Medya benim çektiğim bir resim.
1014 kelime...
İyi okumalar💜
Derinden
Saçlarımda dolanan eller ile iyice mayıştım. Doğum gününden bir kaç saat önce dönmüş, banyo yapıp kendimi yatağa atmıştım. Çok geçmeden Uğur yanıma gelmiş ve bana sarılıp saçlarımı okşamaya başlamıştı.
Daha fazla dayanamayıp kendimiuykuya bıraktım. O güzel karanlık beni içine çekerken yerime iyice yerleşip Uğur'a yapıştım. Son hissettiğim uğurun saçımı öptüğüydü.
Uğurdan
Kollarımdaki güzelliğin uyuduğuna emin olunca çok dikkatli bir şekilde yataktan çıktım. Asker olması işimi zorlaştırıyordu. Aslında bu hareketimle bile uyanırdı ama bugün yorulmuş olmalı ki hala uyuyor. Baş ucumdaki komodinin çekmecesinden bir kağıt ve kalem alıp yazmaya başladım.
"Ufak bir işim var yavrum dışarı çıkıyorum. Bir şeyler yemeyi unutma."
Odadan çıkıp banyodan Derinin tarağının üstündeki birkaç teli aldım. Peçeteye sarıp cebime attım.
Anahtarları da alıp evden çıktım. Arabaya binip Deniz ile buluşacağımız yere sürmeye başladım.

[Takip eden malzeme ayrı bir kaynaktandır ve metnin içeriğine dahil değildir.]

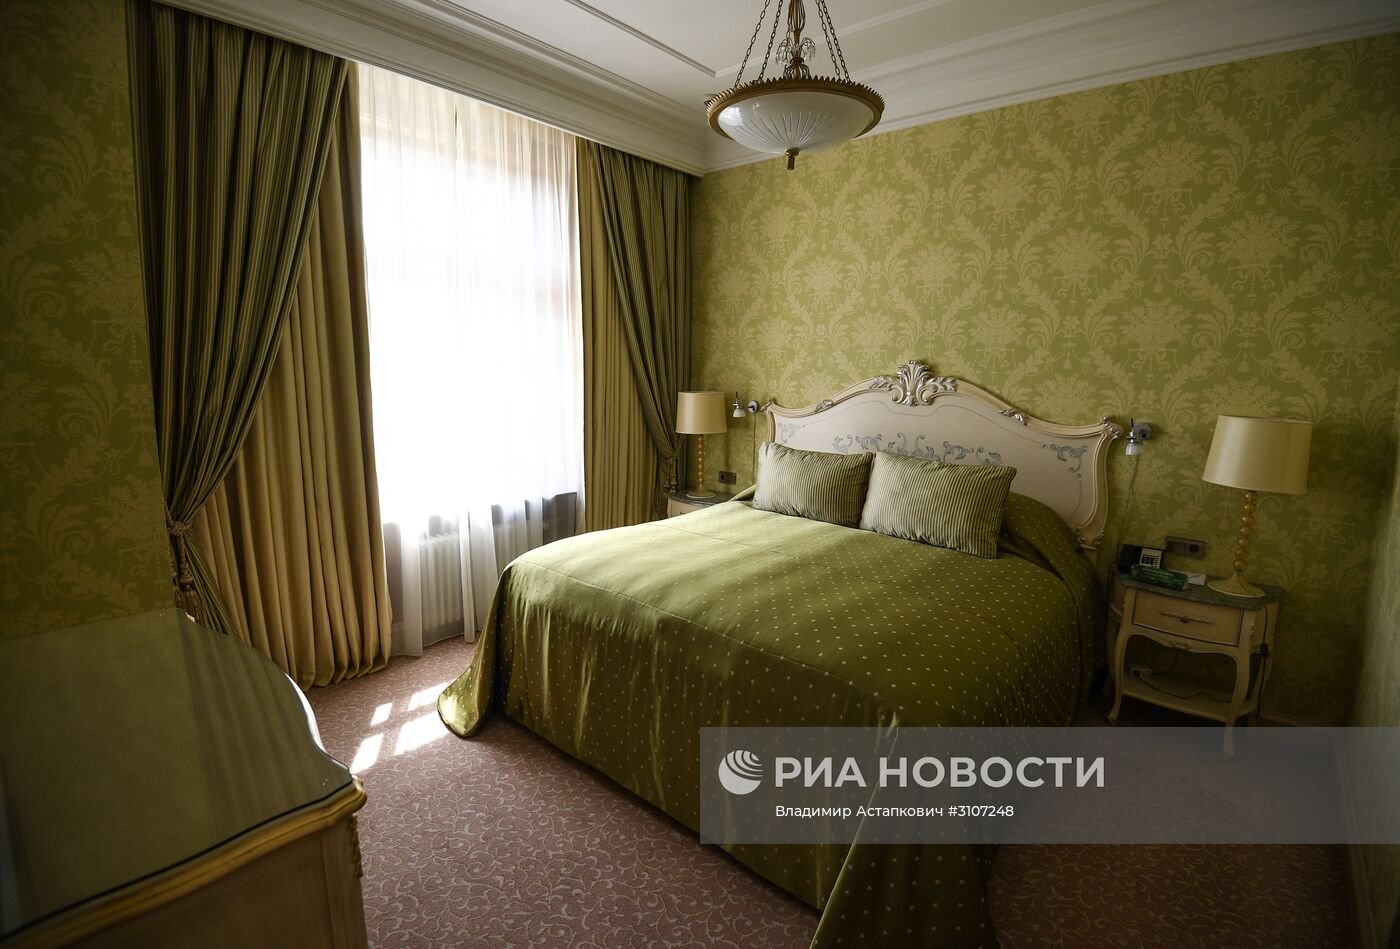 Гостиница "Украина" в предверии 60-летнего юбилея

Arabayı durdurunca söyle bir etrafa baktım. Güzel bir kafeydi. Önündeki çiçekleri insanin içini açan cinsten rengarenkti. Buraya daha sonra Derinle gelmeyi aklıma yazıp içeriye girdim. Deniz bir masasa oturmuş beni bekliyordu.
"Naber?" Dedim karşısına otururken.
"İyi,senden?"
"İyi bende. Aldın mı örnek?"
"Aldım aldım. Hem babamın hemde annemin saçını getirdim. Sen aldın mı Derin'in saç örneğini?" dedi kafasını hızlı hızlı sallarken. Çok heyecanlıydı bu iş için. Haklıydı da yani 2,5 yaşında kaybolan kardeşinizi bulmuş olma ihtimaliniz var. Düşüncesi bile heyecan verici.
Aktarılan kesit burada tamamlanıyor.